Je me souviens que le Dj avait tellement mal aux doigts à force de scratcher qu’il scratchait avec ses pieds. C’était dingue quoi, tu vois, c’est çà la nuit à Bruxelles quoi.

Marie

Je me souviens de Marie, c’était la fille de l’épicerie. Moi, je l’ai connue vieille. Mais elle était très belle quand elle était jeune. Tout le monde peut s’en rendre compte. On peut la voir, on peut même la toucher. C’est elle qui a posé pour le nu qui trône sur la place de la Petite Suisse.

Marie était l'épicière de l'avenue Buyl, dans la descente, une épicière très belle que les jeunes gens du quartier courtisaient assidûment. C'est fou comme la beauté peut faire aimer les fruits. Et, on s'en doute, il y avait un artiste dont l'atelier ouvrait ses fenêtres sur la place de la Petite Suisse... Les vieux du quartier connaissaient Marie, ils l'avaient tous courtisée et ce qui demeure magnifique, c'est le sourire qui se loge sur leurs lèvres quand ils l'évoquent.
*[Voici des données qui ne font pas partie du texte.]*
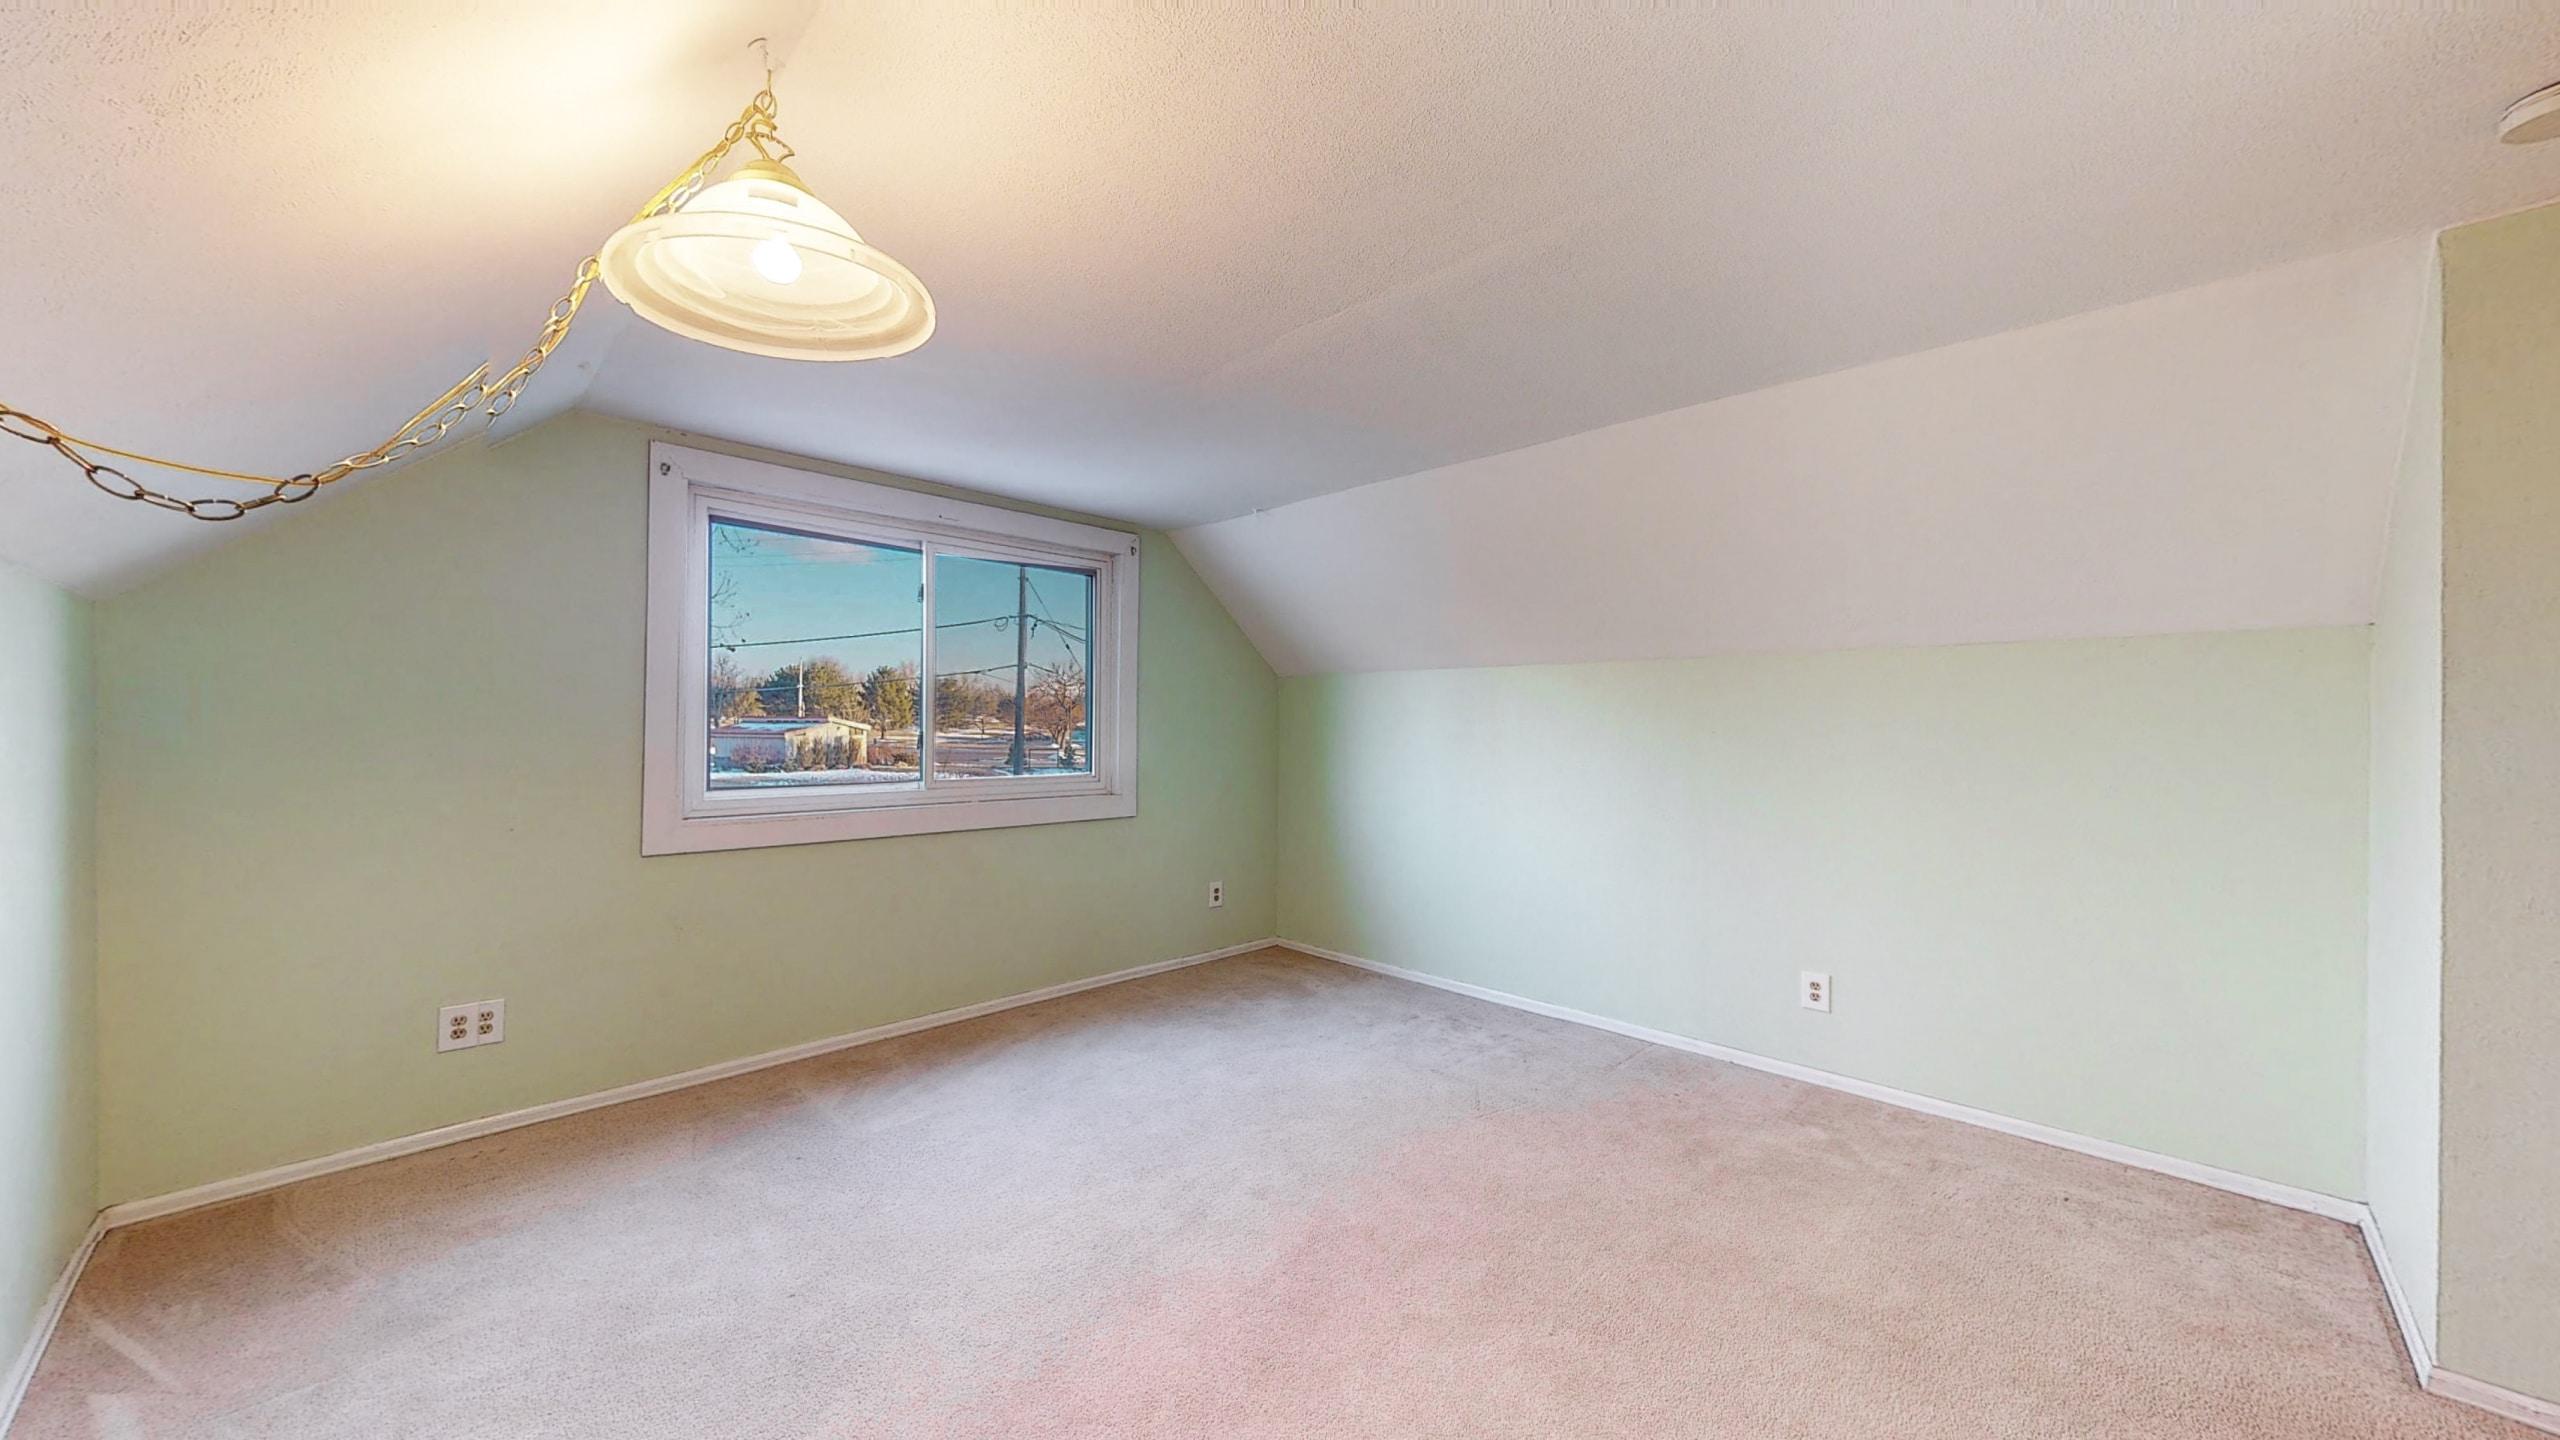 Brighton Home For Sale, light green walls, white ceiling, lamp light

Mon grand-père aussi regardait ma grand-mère comme si elle avait été jeune à vie alors que je ne voyais sur son visage que l'usure du monde. C'est une occasion rare celle ou l'on se souvient du nom du modèle et pas celui de l'artiste. Tout en tendresse.
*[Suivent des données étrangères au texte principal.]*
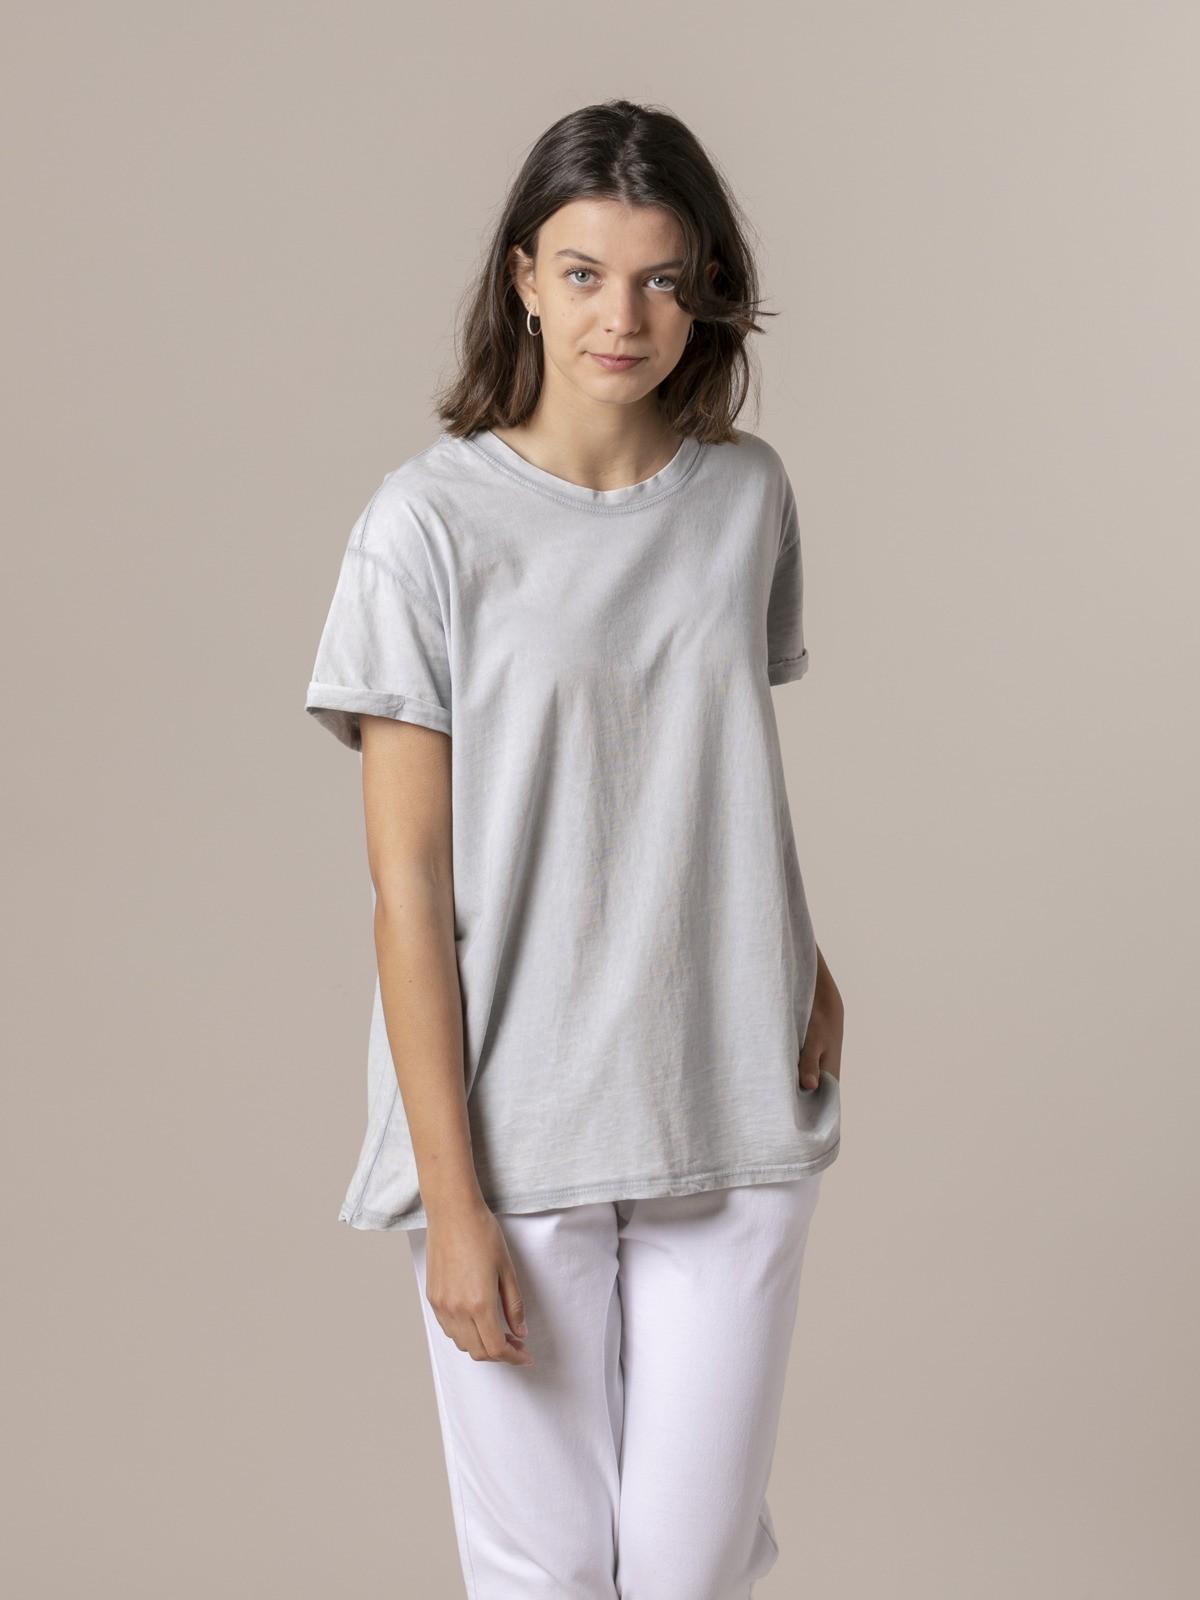 Camiseta lisa mujer tinte ecológico Gris

Pierre Duys & un Anonyme au bistrot le Montmartre, place de la petite Suisse

La princesse aux petits pieds

Je me souviens que je creusais un trou sur l’île Robinson. J’y ai trouvé des pièces de monnaie à l’effigie de Napoléon. J’ai cru à une blague. Je me suis renseigné aux archives et j’ai appris que ce qu’on appelait le Chalet Robinson avait été construit par le roi pour y loger sa maîtresse. À l'époque. Tu te rends compte? Son carrosse, tiré par des chevaux blancs, empruntait l’avenue Louise, qui fut construite pour faciliter ses équipées nocturnes. Tu imagines? Ce que j’ai trouvé est peut-être le trésor de la maîtresse du roi. Un des Léopold, sûrement, mais je ne sais pas lequel.

Le val aux fèves

Je me souviens que ma grand-mère racontait qu'à Boondael c’était des champs jusqu’à Boitsfort. Les enfants du quartier jouaient sur les talus des chemins, ma mère tiraient les poules à la catapulte avec des clous. Mon oncle fabriquait des pétards, de la poudre noire et des fusées. Notre maison était la première de la rue. Aujourd'hui, ici, c'est la ville.

Faubourg et dépendance

Je me souviens, j’avais un ami qui habitait Wemmel. La première fois que je suis allée le voir j’ai dû prendre le métro jusqu’au bout de la ligne et marcher, marcher, passer un pont ou deux au-dessus d’une autoroute, c’était devenu la campagne. J’ai cru que je m’étais trompée, suite aux indications imprécises de mon ami, mais non. Je venais de Forest, dans le sud de Bruxelles, et Wemmel... C’était le bout du monde.

Ah mon colon !

Je me souviens d’avoir entendu parler d’un grand éléphant blanc à Tervueren près du musée. Quand je l’ai vu j’ai été très déçue : C’est l’éléphant du chocolat Côte d’or.

Bruxelles bruxellais

Je me souviens que j’ai fait l’amour avec P. sur un banc près du Palais de Justice. J’étais assise sur lui et j’avais l’impression de fondre comme neige au soleil. Il faisait pourtant gris.

La ville, ligne de ta main

Je me souviens que la première fois que je suis descendue du métro à De Brouckère, je me suis laissée porter par le tapis roulant et, au mur, il y avait cette phrase de Benno Barnard qui parlait de tenir la ville au creux de sa main.